Although the creation of a stoma is associated with positive outcomes such as symptom relief and improvement in overall health, it may have a negative impact on the patient [10]. The majority of patients with stoma suffers with a lack of physical activity, dietary changes, and general lifestyle changes [14]. Ostomy surgery has effects on person’s physical appearance and functions and also has a bad effect on patients’ body image [15]. Factors linked to living with a stoma may increase or decrease the health-related quality of life after stoma creation. For example, perceptions of living with a stoma are influenced by the presence of stoma complications. Leakage of effluent from the ostomy is perceived as especially bothersome, and a great deal of professional effort goes toward teaching patients to manage their pouching systems in a manner that avoids leakage [10]. To support patients in adjusting to their condition, they should receive self-care-related information and skill training during their hospital stay after colostomy, which might include instructions on colostomy care provided either verbally or via handout [9].

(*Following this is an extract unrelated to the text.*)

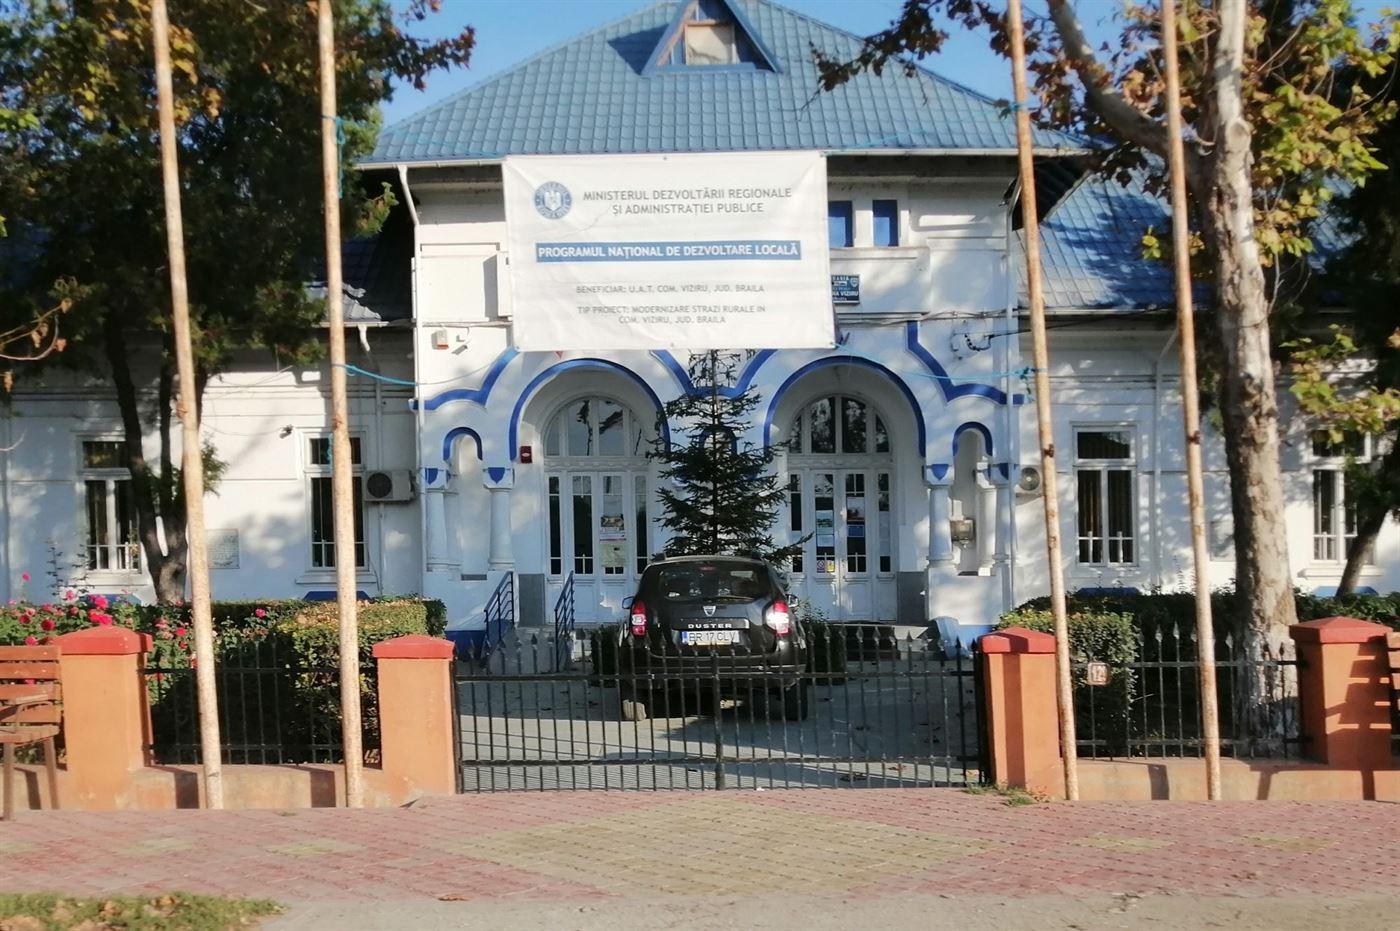 Cu 5 consilieri din 15 aleși, în comuna Viziru PSD și-a impus viceprimarul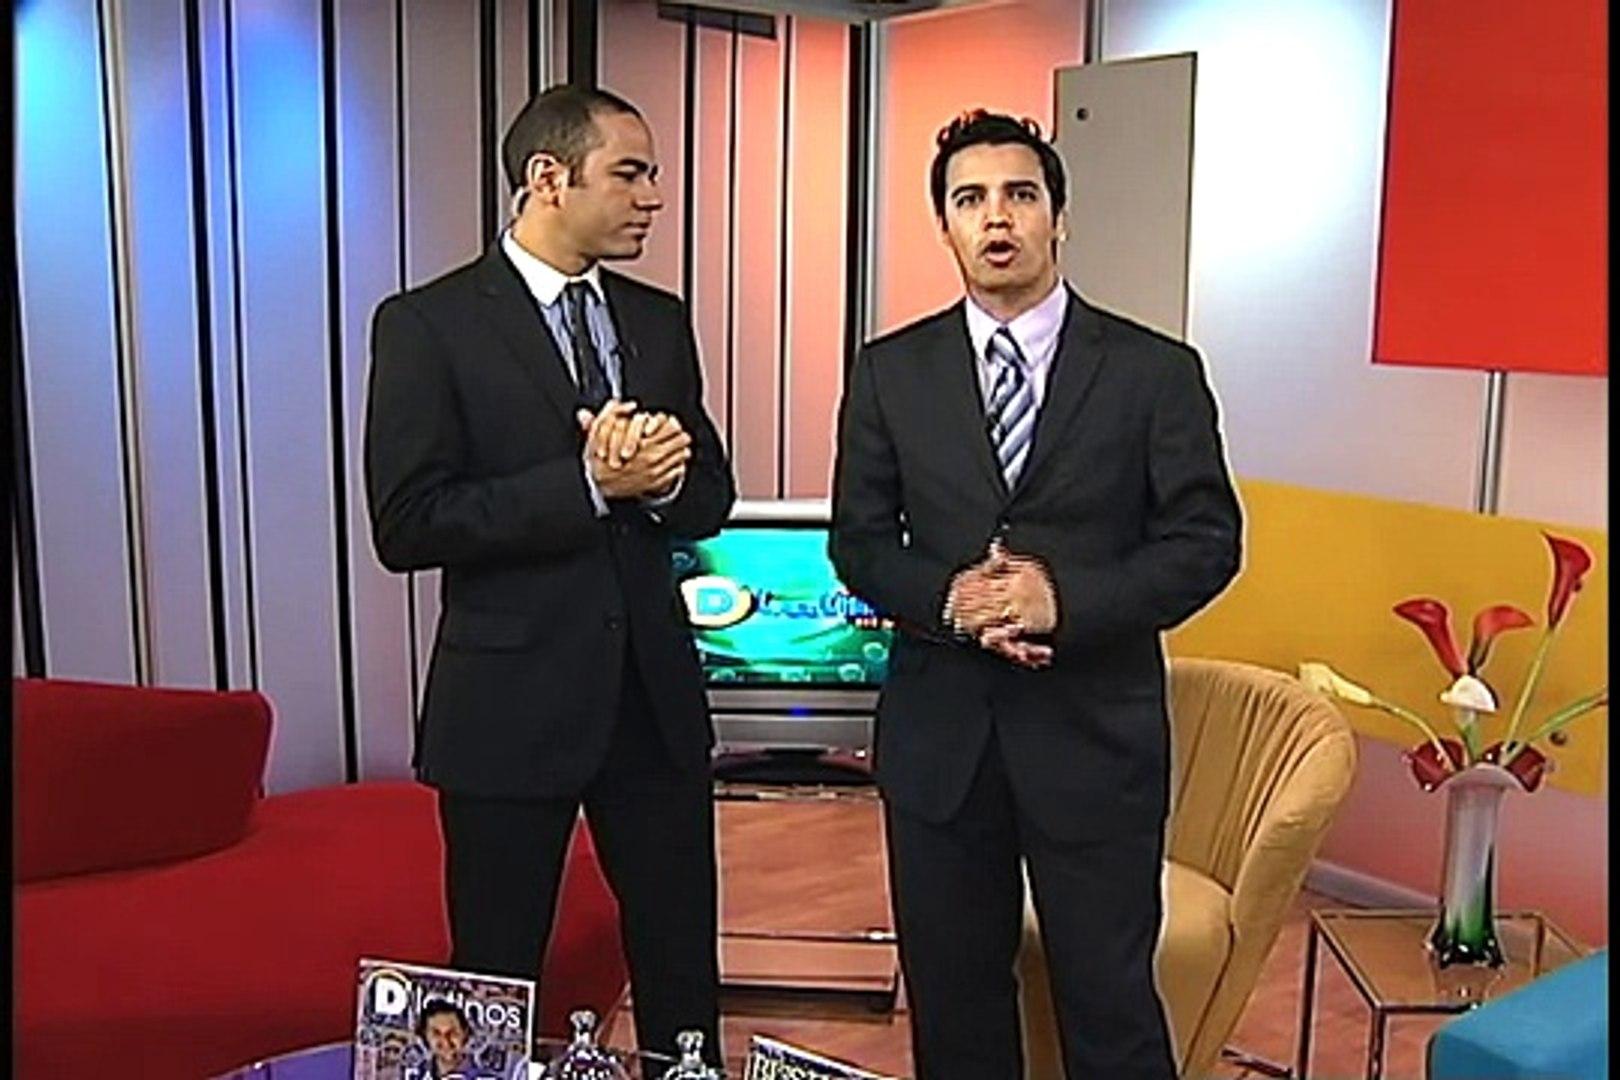 D'LATINOS SALUD AL DIA con Carlos y Mike LaPlaca 01-25-11

Education has an important part in the development of self-care, independence, and adaptation of individuals to the disease [16]. It has been suggested that patient education might reduce the length of hospital stay, the frequency of postoperative complications, and the frequency of hospital readmissions [17]. Education changes health behaviors and leads to better understanding of the disease and reduces or delays the incidence of complications [18]. Clinical nurses play a major roles to provide the health education for patients in the process of getting used to living with stoma. The main content of the health education should focus on technical skills related to wound care and incontinence (skin cleansing, bag/adapter replacement, changing dressings, and making the proper position). In addition, encouraging people to make decisions about treatment and care, organizing educational programs for daily activities to ensure adaptation to patients’ social life, and developing educational materials and educational support systems are recommended [16]. The main goal of nursing care is to provide appropriate quality care to improve the condition of patients [19], and one of the most important policies and principles of nursing care is the use of the nursing process model [20, 21]. This model is a systematic framework for evaluating patients’ needs for clinical decision-making. The nursing process moves the care of patients from traditional and old methods to modern, scientific, and patient-centered methods [20]. Patient education is an integral part of the nursing process, and nurses can use this process to assess, plan, implement, and evaluate an effective and individualized patient education programme [22]. However, age-appropriate teaching strategies for the older adult must be planned, purposeful, and adapted to accommodate the special needs of the elderly patient. Specific strategies that adhere to the principles of geragogy should also be an integral part of every nurse’s teaching repertoire to promote health literacy in this special population [23].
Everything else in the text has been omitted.